CBaySystems Holdings Limited (“CBay”) has informed MedQuist that CBay has entered into an Exchange Agreement with certain MedQuist shareholders that currently hold in the aggregate approximately 13% of MedQuist’s outstanding shares. Pursuant to the Exchange Agreement, those MedQuist shareholders will receive 4.2459 CBay shares for each MedQuist share, subject to certain adjustments, and will enter into a stockholders agreement with CBay that, among other things, provides them with registration rights and contains provisions regarding their voting in the election of CBay’s directors. The closing under the Exchange Agreement is conditioned upon the listing of CBay’s shares on NASDAQ, the completion by CBay of an initial public offering in the United States by January 31, 2011, the reincorporation of CBay as a Delaware corporation and other conditions.

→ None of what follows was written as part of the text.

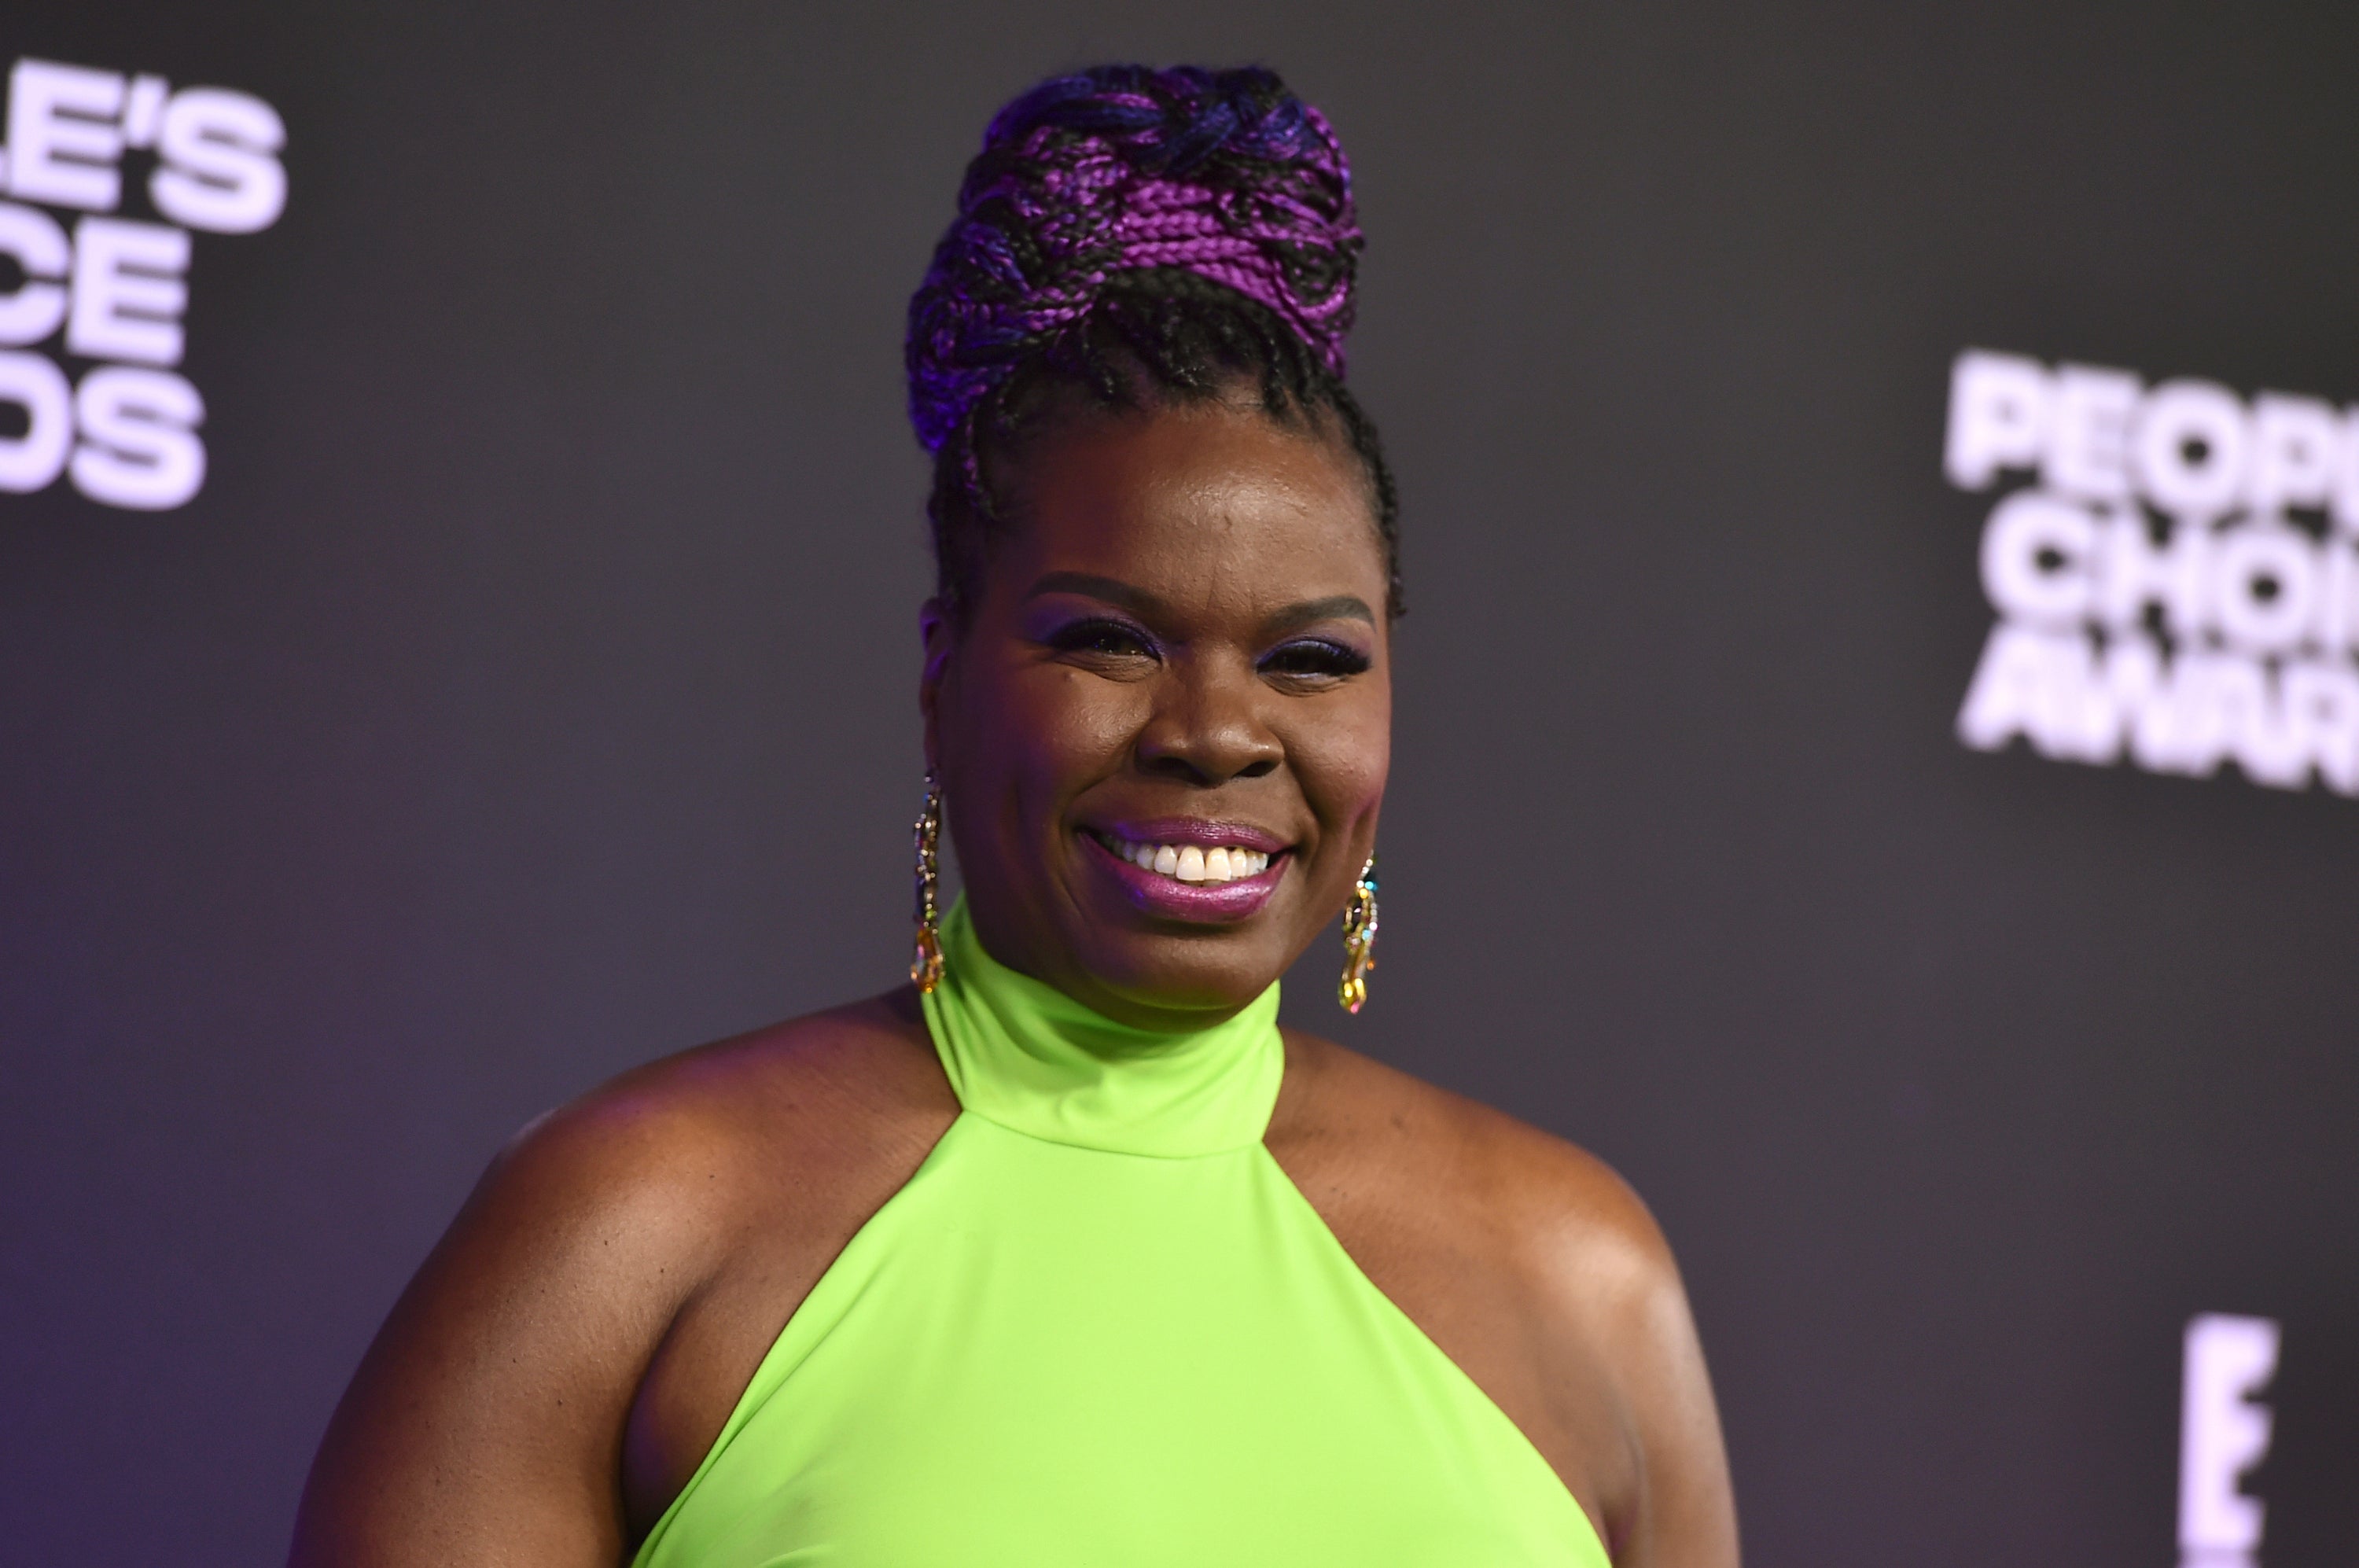 File image: Leslie Jones, who has been live-tweeting Olympics since 2016 says it could be her last time doing it

CBay has also informed MedQuist that it intends to make an offer to all MedQuist shareholders that are not parties to the Exchange Agreement to exchange their MedQuist shares for CBay shares, and that detailed terms of such exchange offer, if made, will be contained in filings by CBay with the Securities and Exchange Commission (the “SEC”).
This communication does not constitute an offer to sell or the solicitation of an offer to buy any securities or a solicitation of any vote or approval. The offer to exchange CBay shares for MedQuist shares, if made, will only be made pursuant to a Registration Statement on Form S-4, a letter of transmittal and related offer documents to be filed by CBay with the SEC. INVESTORS AND SECURITY HOLDERS OF MEDQUIST ARE URGED TO READ SUCH REGISTRATION STATEMENT ON FORM S-4 AND OTHER DOCUMENTS FILED WITH THE SEC CAREFULLY IN THEIR ENTIRETY WHEN THEY BECOME AVAILABLE BECAUSE THEY WILL CONTAIN IMPORTANT INFORMATION ABOUT THE CONTEMPLATED EXCHANGE OFFER. Holders of MedQuist shares will need to make their own decision whether to tender shares in the contemplated exchange offer. Neither MedQuist nor any other person is making any recommendation as to whether or not holders of MedQuist shares should tender their shares for exchange in the contemplated exchange offer.
Statements made in this press release that are forward-looking in nature are intended to be “forward-looking statements” within the meaning of Section 21E of the Securities Exchange Act of 1934 and may involve risk and uncertainties. These statements include, without limitation, statements regarding the terms of the transactions described herein and any other statements that are not historical facts. These risks and uncertainties include the timing and satisfaction of conditions for the proposed transactions. Other risks and uncertainties relating to our business and our financial condition are more fully described in documents filed by MedQuist with the SEC, including Annual Reports on Form 10-K and Quarterly Reports on Form 10-Q.